Pathway analysis also allows for the integration of multi-modal omics data, such as combining gene-expression and metabolomics data to uncover gene and protein functions. For example, metabolite profiles were integrated with genome-wide screening of single-nucleotide polymorphisms (SNPs) to identify the molecular mechanism of the NAT8 and PYROXD2 genes. Briefly, SNPs were ranked according to the strength of an association with observed metabolites. The regions where these SNPs occur on the chromosomes then were screened to determine at what position in the genome the gene/protein product responsible for the mediation is stored. With this approach, it was suggested that the NAT8 and PYROXD2 genes were responsible for mediation of serum diethylamine levels ⁸³ , a novel insight for these previously under-annotated genes.
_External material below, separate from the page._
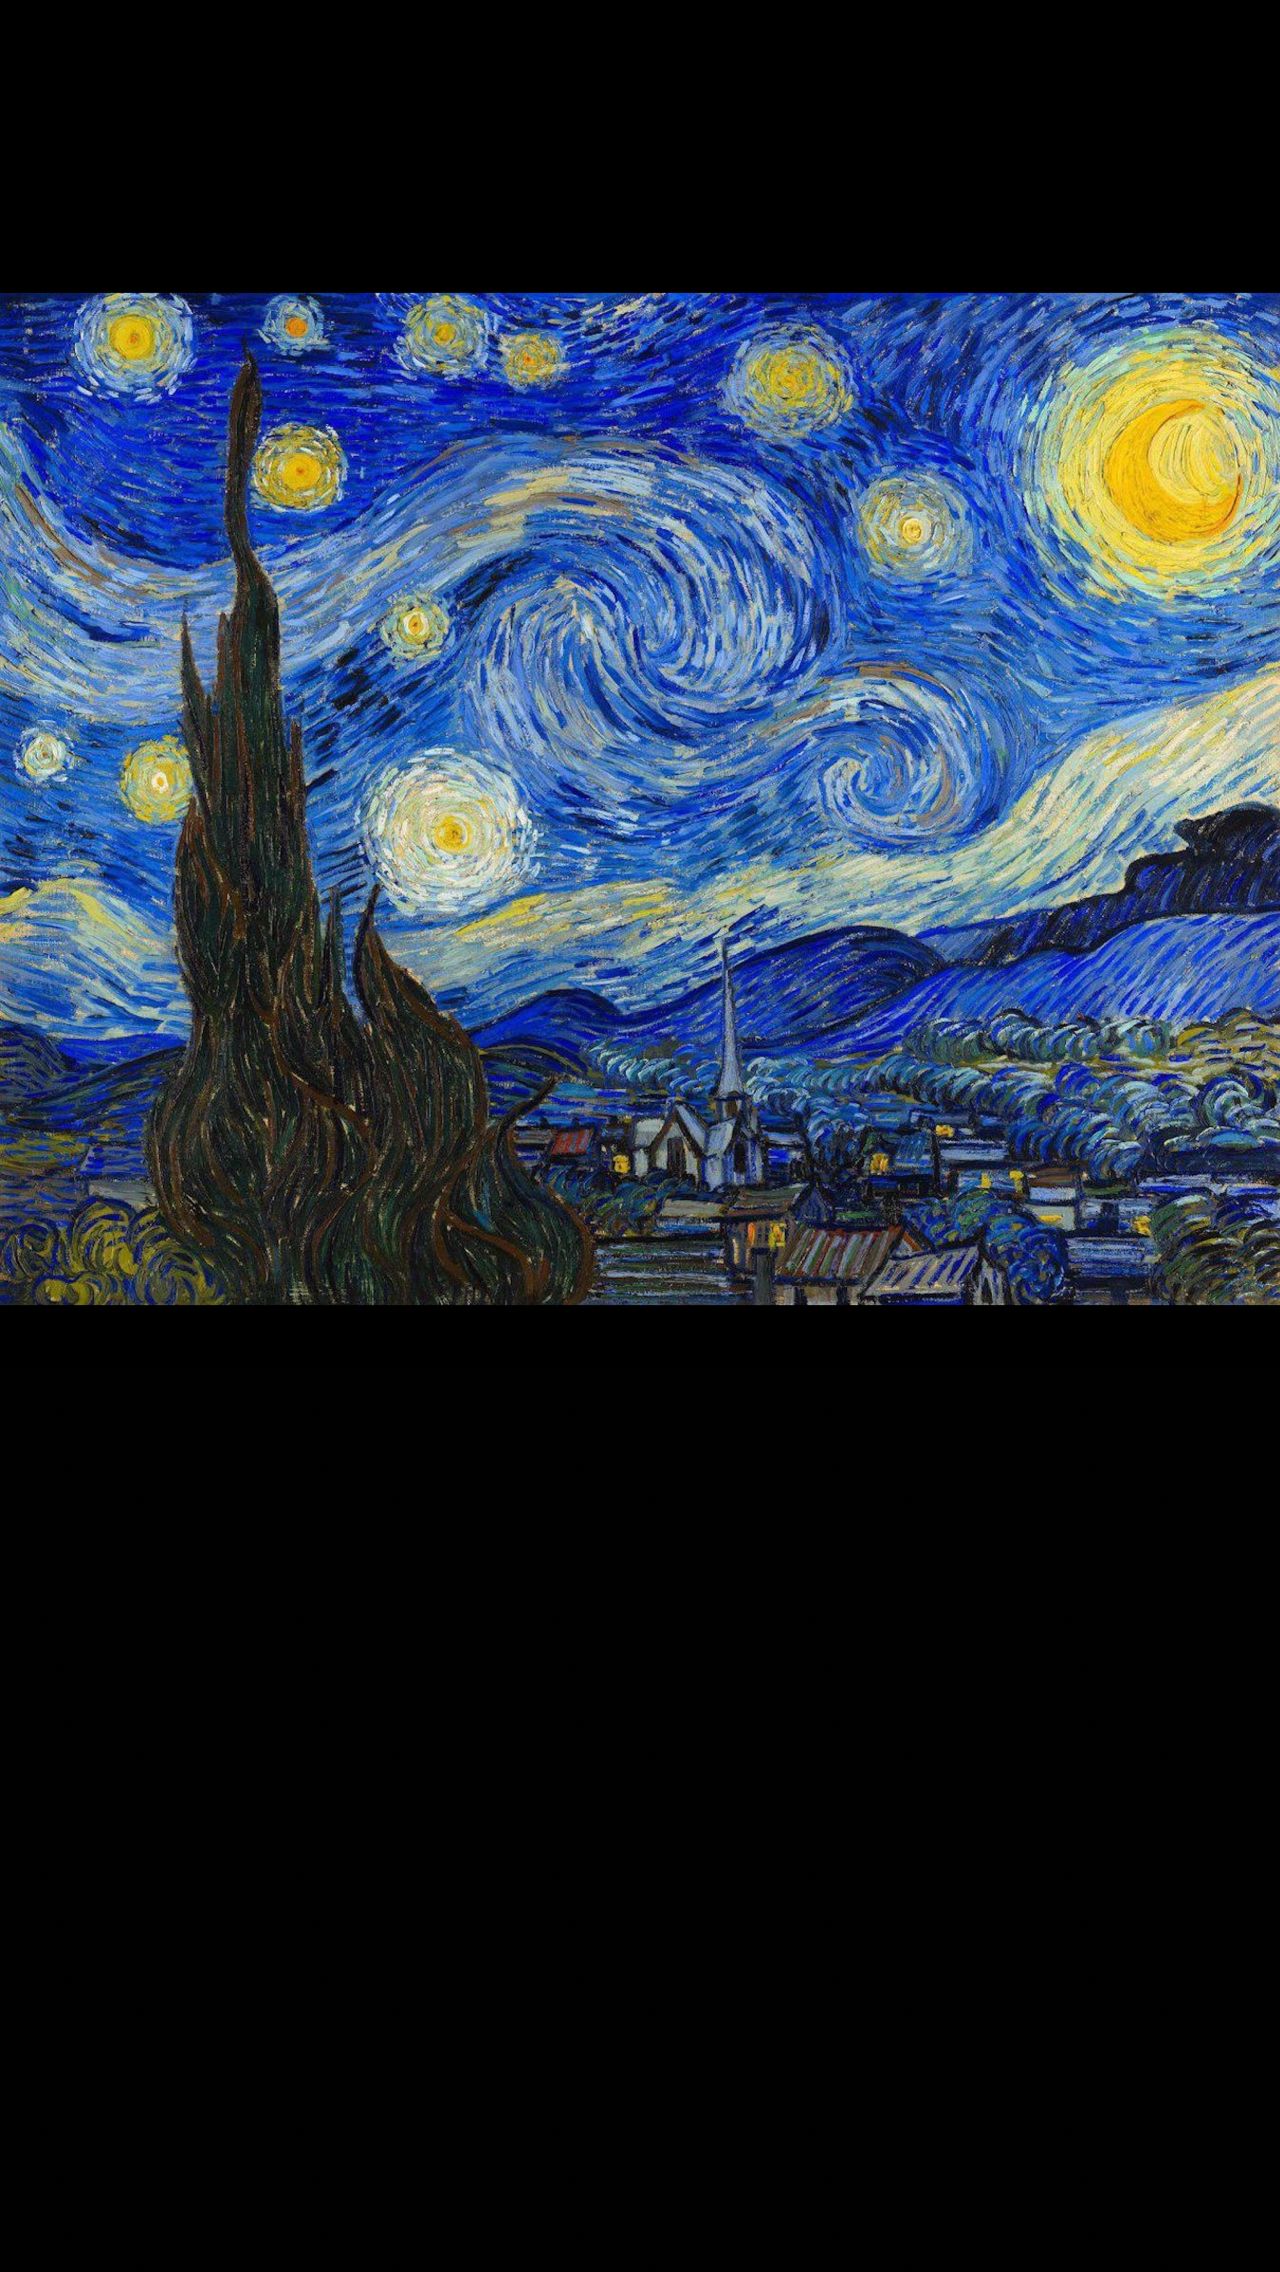 «Звёздная ночь» – это одна из самых известных картин Винсента Ван Гога. Написана в июне 1889 года

As another illustration, transcriptomic and metabolomic data from Arabidopsis thaliana were integrated to characterize the biological response resulting from the over-expression of PAP1, a gene known to cause profound accumulation of anthocyanins and to encode a MYB transcription factor regulating flavonoid biosynthesis. The authors were able to correlate the biosynthesis of cyanidin and quercetin derivatives with a specific set of upregulated genes that enabled them to identify the function of two uncharacterized proteins: a flavonoid 3-O-glucosyltransferase and anthocyanin 5-O-glucosyltransferase ⁸⁴ . Numerous tools are now available for pathway analysis of metabolomics data ^{79, 85, 86} , which will significantly improve data interpretation and simplify our understanding of biological relevance. Thus, pathway analysis is becoming a routine component of a detailed metabolomics analysis.